I'm going to start this one with a post script. Because I can. So here ya go...

P.S. After I wrote this I decided to save it as a draft and not publish it. Not because it's a rambling public display of ADHD thought processes, which it totally is, but because it was such a downer coming right on the heels of the meltdown junk I shared.  I didn't want another bummer clogging up the blog. Life's more fun than that as a rule, but sometimes life just doesn't seem fun. Sometimes the heavy weighs a little more, the hurts tug a little more at your heart.

This was written on a hurting day.

And then today... well... today was so awesome that I'm able to put this out there in a way I couldn't when I wrote it. Today, instead of hate and frustration we had happy and funny and friendly. We escaped, for one beautiful Indian Summer day, the pressures of our burdens and just ... existed.

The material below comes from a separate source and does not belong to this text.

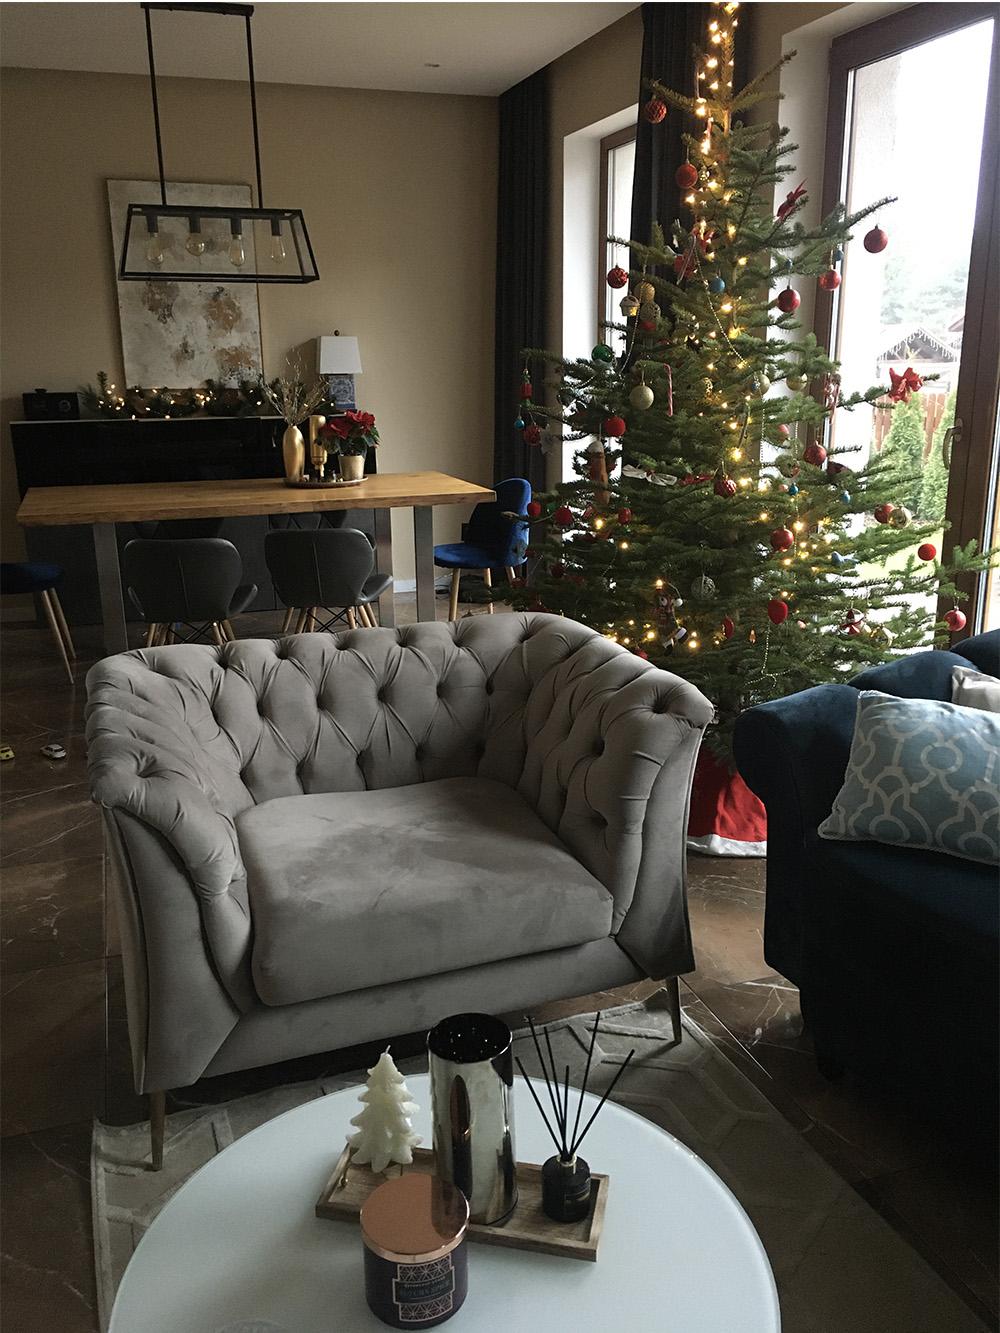 Grey Chesterfield Modern armchair in a festive arrangement
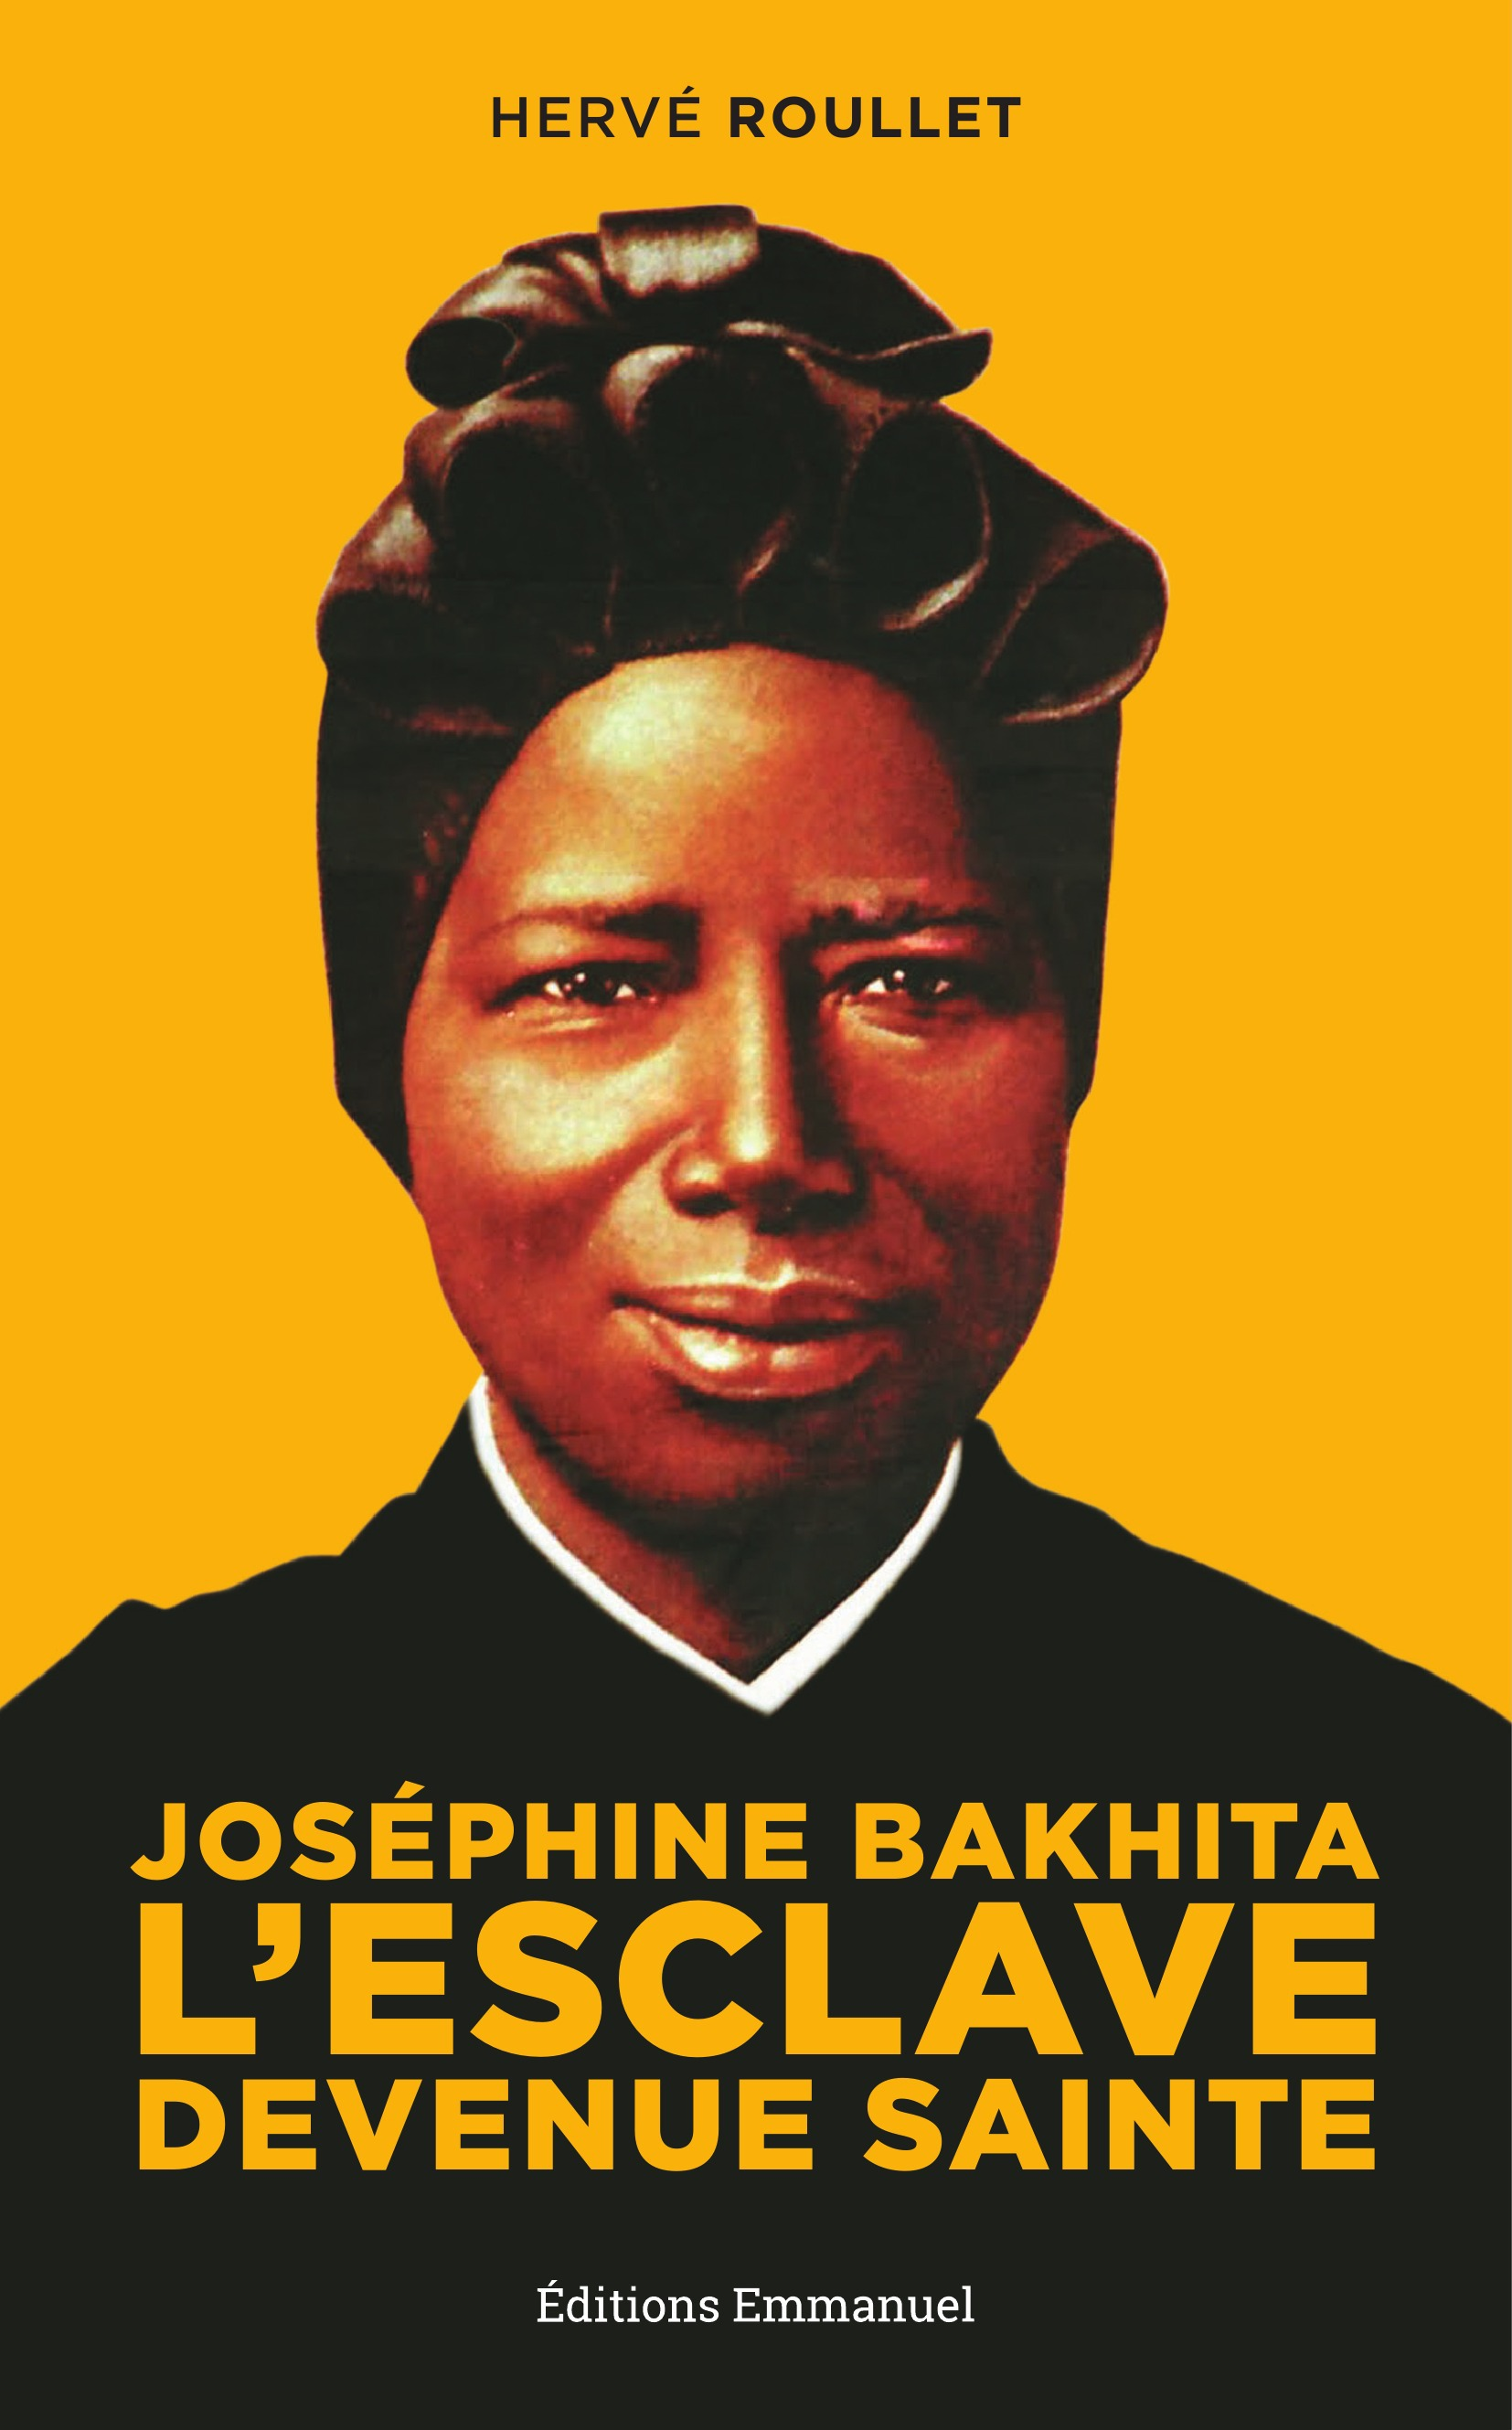 josephine bakhita l'esclave devenue sainte

No, he didn't like leaving the neighbor's house. But we were AT our neighbor's house. He played with their children. Two ridiculously sweet and adorable and fun little girls. Took turns too, which is a whole other level of where-the-hell-did-that-come-from.

He ran and climbed and smiled and giggled and watched and participated. He tried to swing, wasn't quite sure what to do. he tried to play tag, wasn't sure about the whole you-me-you thing. It was ... awkward... but it was great. It only took... I don't know how long... two years? Have they lived here that long? It was only a few months ago he was growling at these same girls when they came into our back yard, trying to chase them away. Today was a culmination of work and timed interactions and a kind of panicked road block attitude I always had when he interacted with them; let him play for just a few minutes, kept it short, then re-directed quickly before he realized what happened.

There was hardly any roadblocking today. Today everything was awesome.


And then we came home and played in the dirt in our pjs. We ate pizza. We swang for hours, just regulating. Being quiet. Being together.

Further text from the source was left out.